The court held that “Bivens established by substantial evidence that his truck was stolen at the time of the accident, thereby rebutting the presumption that the motor vehicle was being operated with his consent” under Vehicle and Traffic Law § 388[1], and that “[i]n opposition, plaintiff failed to raise an issue of fact as whether Bivens had violated Vehicle and Traffic Law § 1210(a).”
VTL § 1210, titled “unattended motor vehicle”, provides in relevant part:
(a) No person driving or in charge of a motor vehicle shall permit it to stand unattended without first stopping the engine, locking the ignition, removing the key from the vehicle, and effectively setting the brake thereon and, when standing upon any grade, turning the front wheels to the curb or side of the highway, provided, however, the provision for removing the key from the vehicle shall not require the removal of keys hidden from sight about the vehicle for convenience or emergency. (Emphasis added.)
“[T]o avoid liability under the section, a motorist need only ensure that the ignition key is hidden from sight and need not additionally conceal it so that the key is not readily discoverable by a prospective car thief without extreme difficulty.”
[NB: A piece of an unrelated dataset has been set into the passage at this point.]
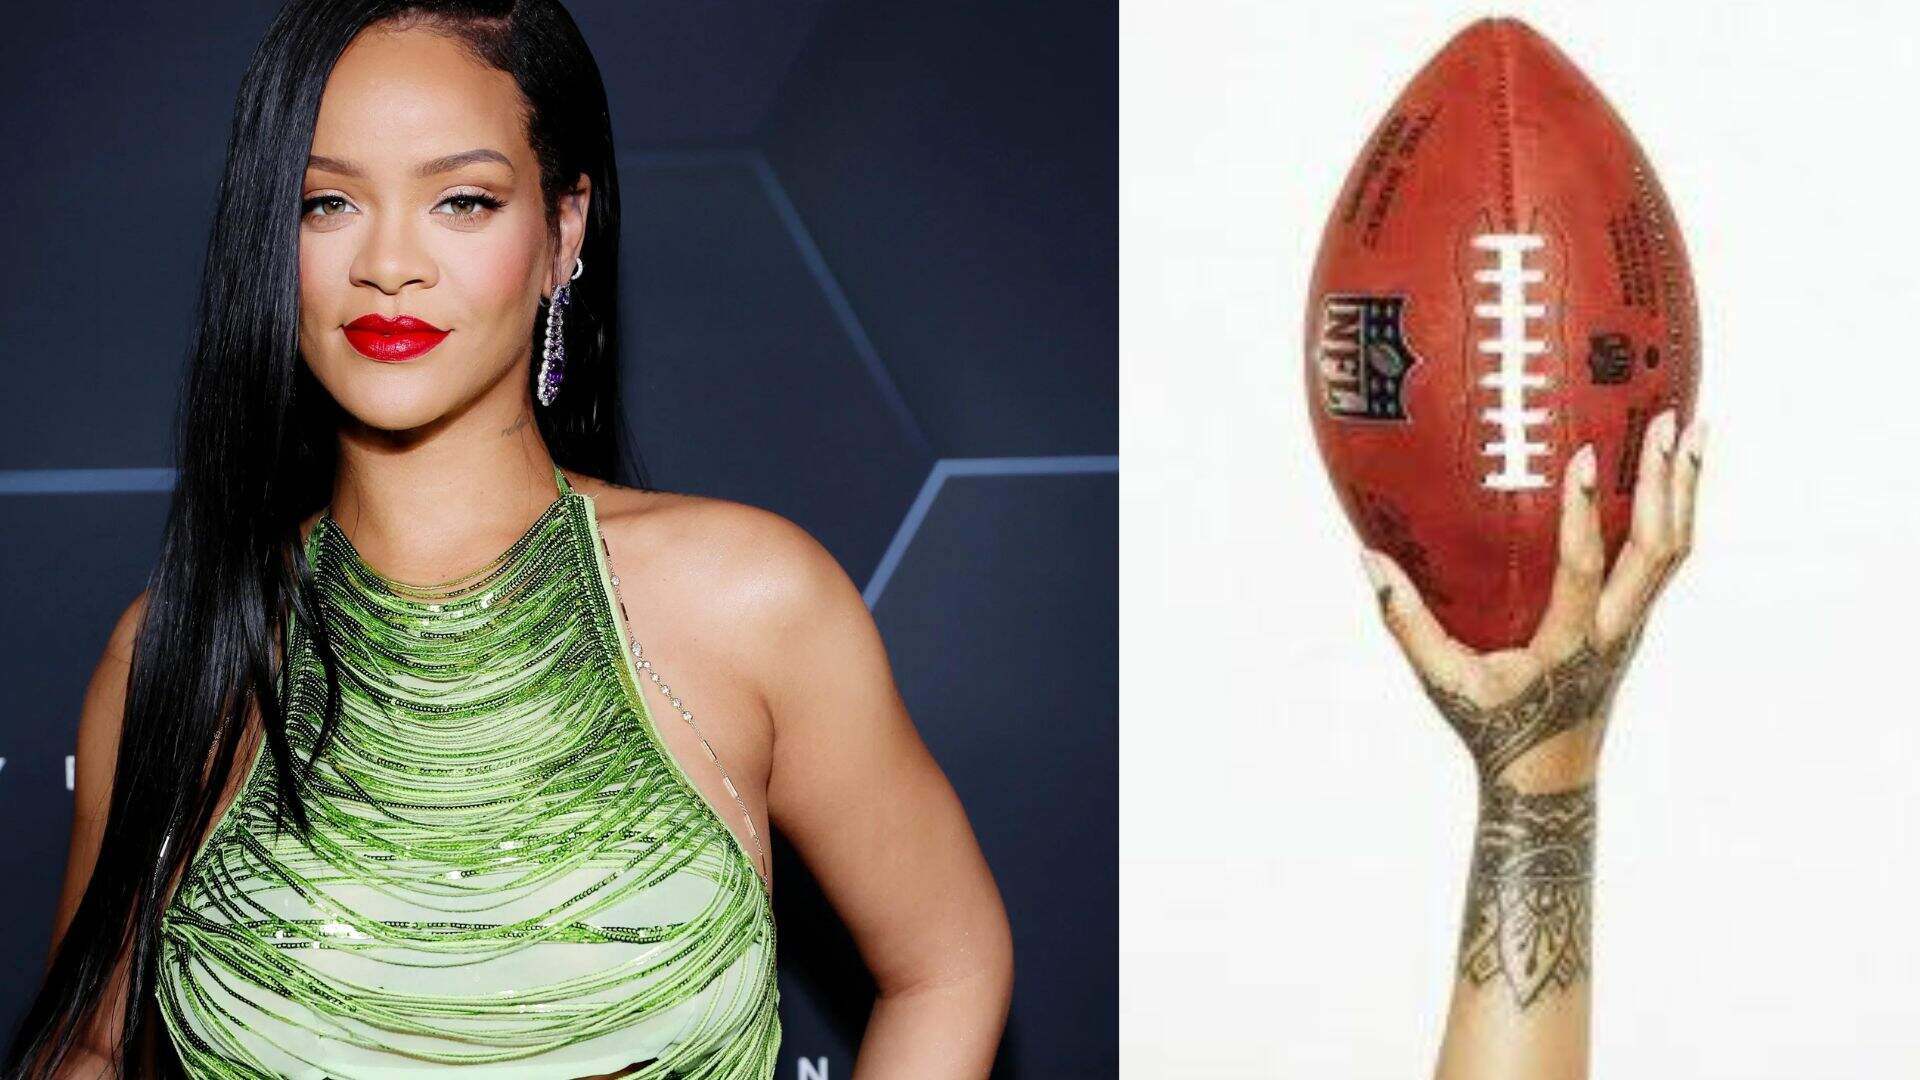 Como será o show de Rihanna no Super Bowl 2023? Cantora surpreende e revela o inesperado  - Metropolitana FM

Here, there was no issue as to whether the key was “hidden from sight”:
Bivens’s testimony that someone could “probably” see the hide-away-box if they looked for it, and that “you would have a very small window as you are walking past it,” from which you could “possibly” see the key, did not suffice to raise an issue as to whether the key was “hidden from sight.” Bivens testified that one would “have to kind of be peeking around a little bit” to find the key in the hide-a-key box and the record establishes that the key was not in plain view and that one would have to be actively looking for it to find it.